I’m really interested to watch SC’s studs play in the new Trojan Raid offense. WSU has already established a culture that allows eight different players to share catches, yards and touchdowns without much complaint.
At USC, it’s typically been one or two players sharing the spotlight and the Trojans have churned out some great ones. Juju Smith-Schuster, Nelson Agholor, Marqise Lee and Robert Woods have all used USC as a stepping stone to the NFL, and the current crop of Amon-Ra St. Brown, Michael Pittman Sr., Tyler Vaughns Sr. and Velus Jones is as good as the Trojans have had in recent memory.
But, in Graham Harrell’s new offense, will they all be willing to share the rock?
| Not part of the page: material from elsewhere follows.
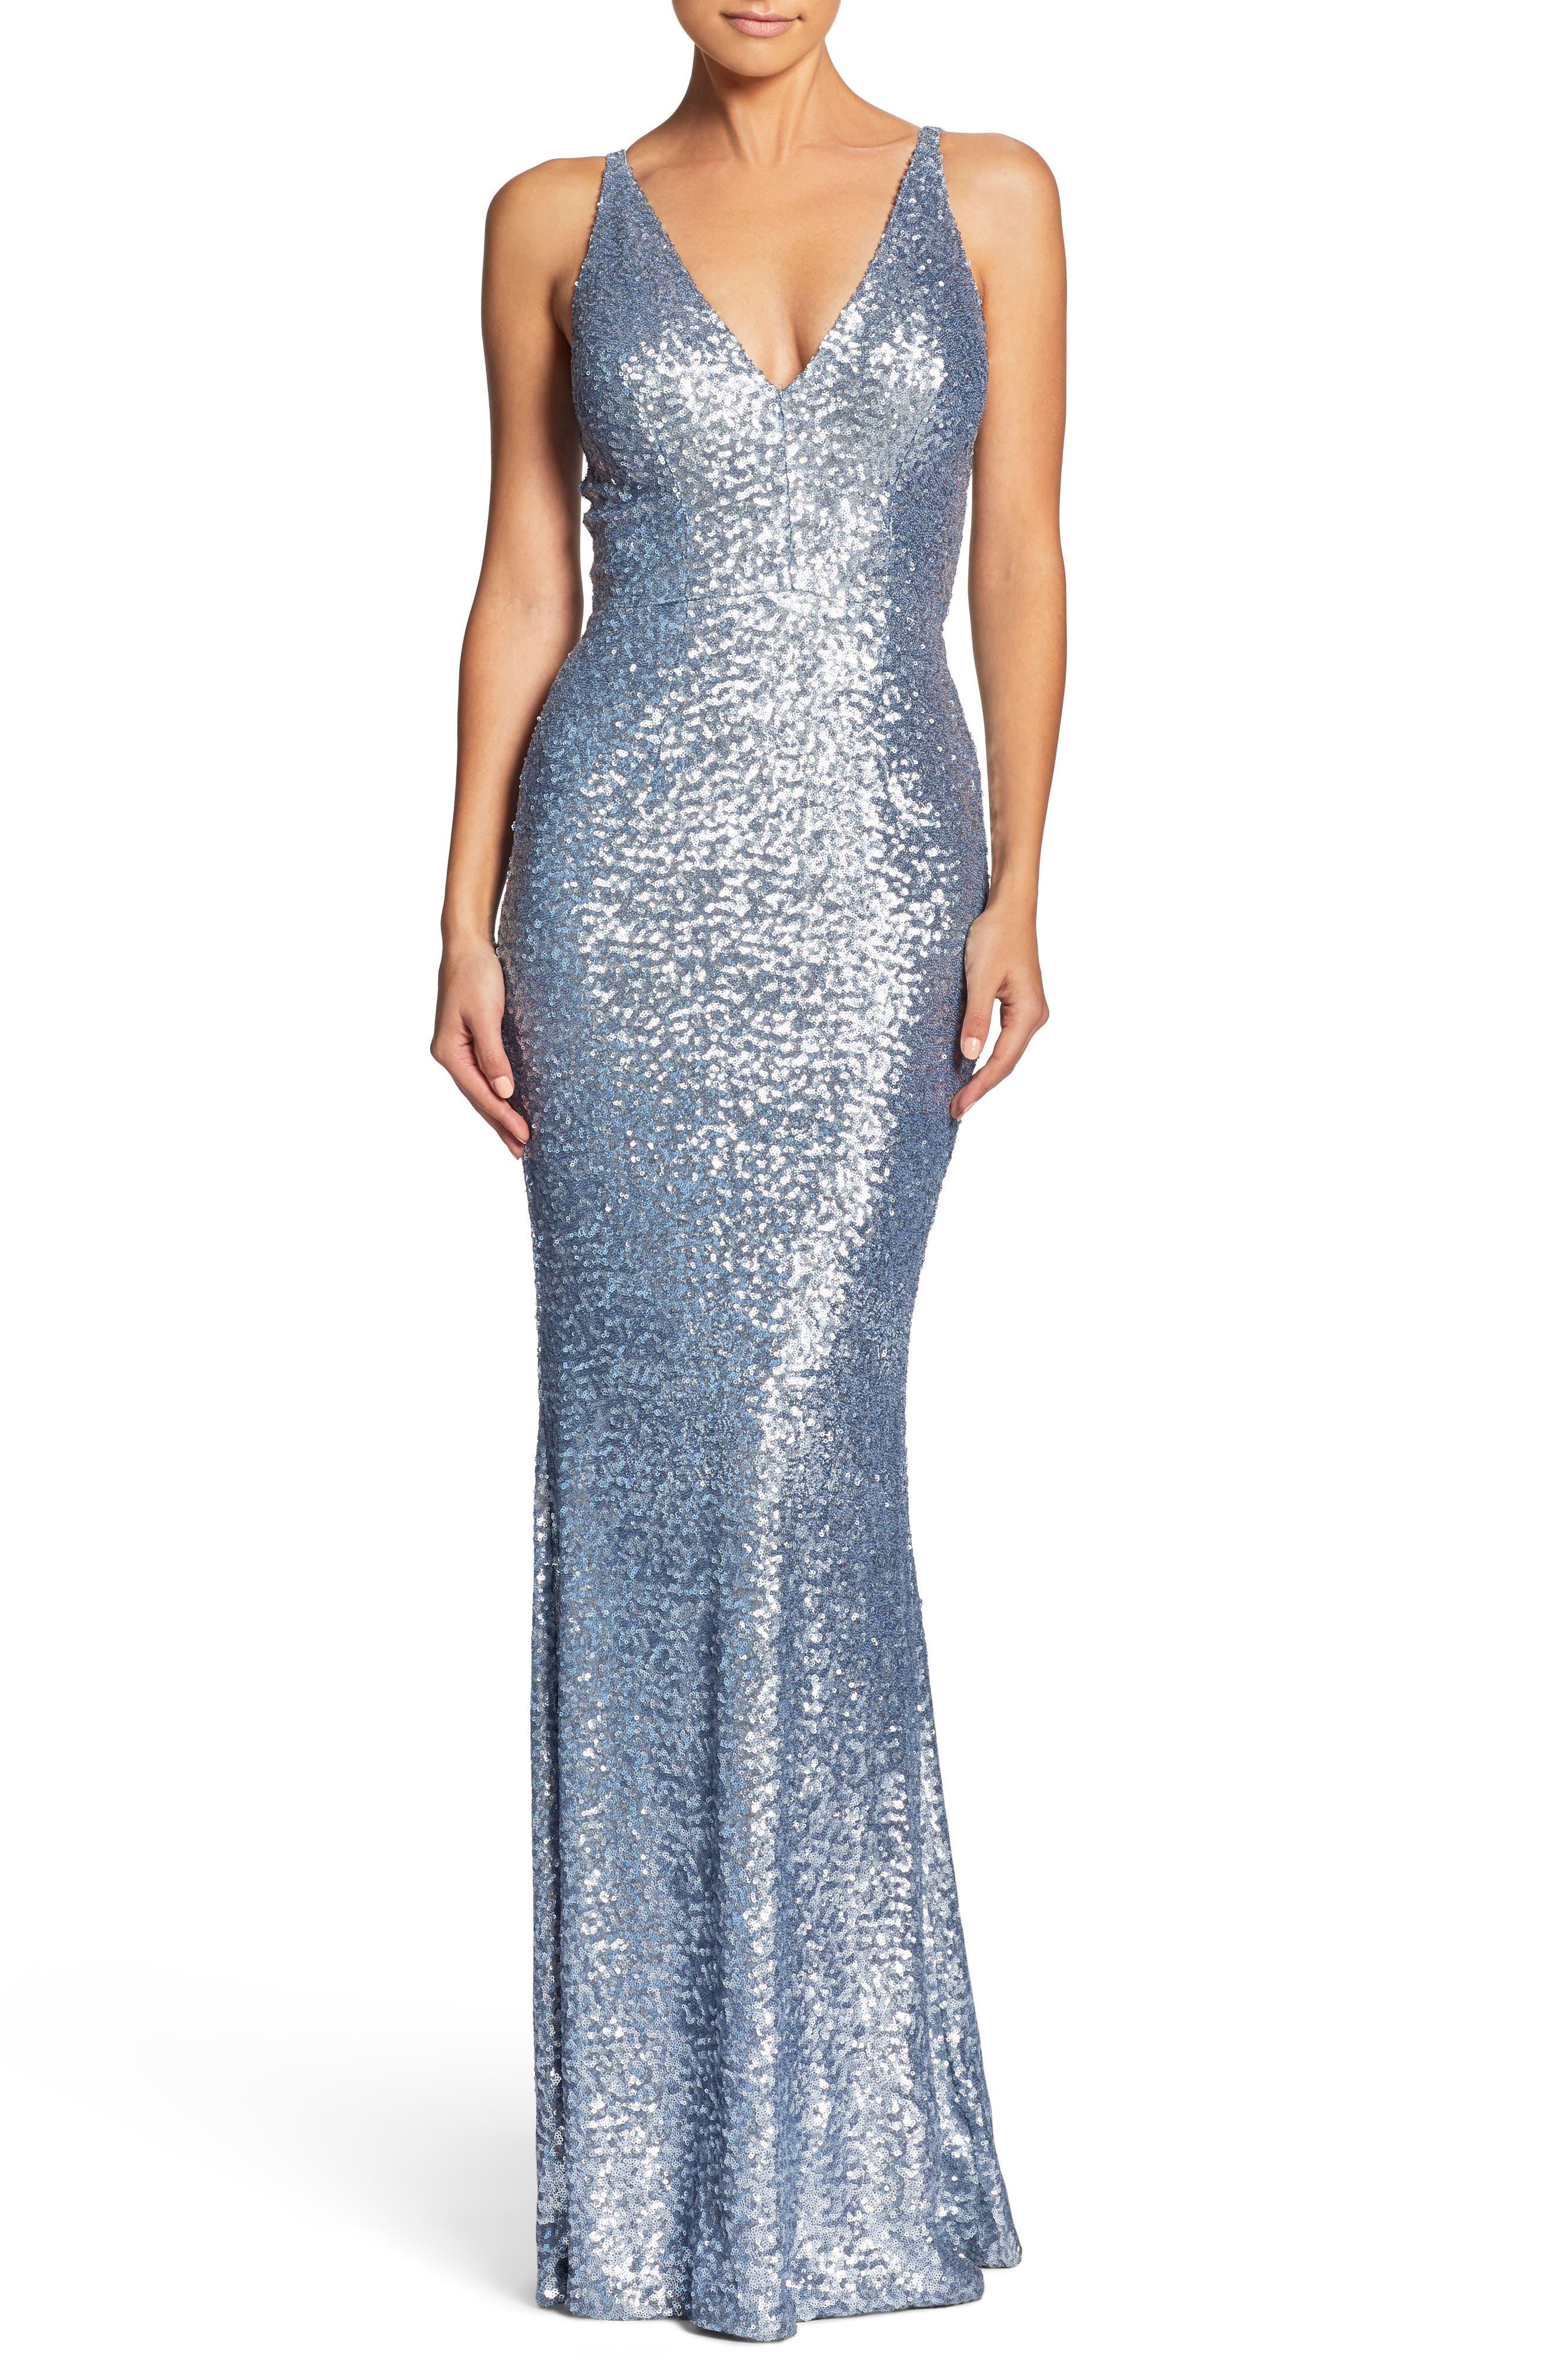 Alternate Image 1 Selected - Dress the Population Harper Mermaid Gown

WSU led the country in passing yards through 12 regular-season games last season, but none of the Cougar receivers wound up on the all-conference teams – perhaps the biggest compliment you could’ve paid to the group.
While I’m not totally sold, USC’s top four players may be better than WSU’s. However, I don’t think the Trojans compare to the Cougars 1-8.
Here’s how Pac-12 Networks analyst Yogi Roth, a former WR coach at USC, sized up the battle when I asked him to compare the groups a few weeks ago:
“I think very comparable to USC’s,” Roth said. “I watched them run around and you look at Tay Martin, Easop Winston, Dezmon Patmon and then you meet them in person and see how big they really are. Let alone the redshirt freshman, Rodrick Fisher. I mean he looks the part. Then you look at some of the young guys, 13 (Donovan Ollie), the other big dude (Brandon Gray). Just huge human beings. I mean they look the part. As does SC. I think they collectively, if you took the top four at SC, you can make arguments for the top four at Washington State.”
Was Gordon’s 12 yards per attempt an aberration or is he going to be going downfield more than Minshew and Falk? Is he more like Halliday?
– Cougar D.
Every fan, coach and player would love for Anthony Gordon to finish the season averaging 12 yards per attempt, but no, it doesn’t seem like a realistic number. Consider that Gardner Minshew led the country in passing during the 2018 regular season and averaged only 7.2 yards per attempt.
Gordon got some help from the opponent in Saturday’s opener and a bunch more from his receivers, who turned a few of the short pops into big gains to help inflate the final statistics.
Do I think 12 yards per attempt is possible? No, I don’t. Do I think Gordon is willing to stretch the field quite a bit more than the Leach’s last two starters? He does seem to carry the gunslinger gene, certainly more than Falk did and probably a tad more than Minshew.
Here’s what Leach said about it after Wednesday’s practice: “He’s not afraid to go downfield, that’s always been one of his strong points. The other thing is, he puts it on people real suddenly, so I think that’s one of his strengths.”
So, this wasn’t a total aberration and I expect we’ll see a few more deep heaves from Gordon when he’s comfortable doing it. But, I’m sure when the Cougars face stronger defensive secondaries (Utah, Cal, Washington), the redshirt senior will defer to taking what the opponent gives him – similar to what Falk and Minshew did in some of their marquee wins at WSU.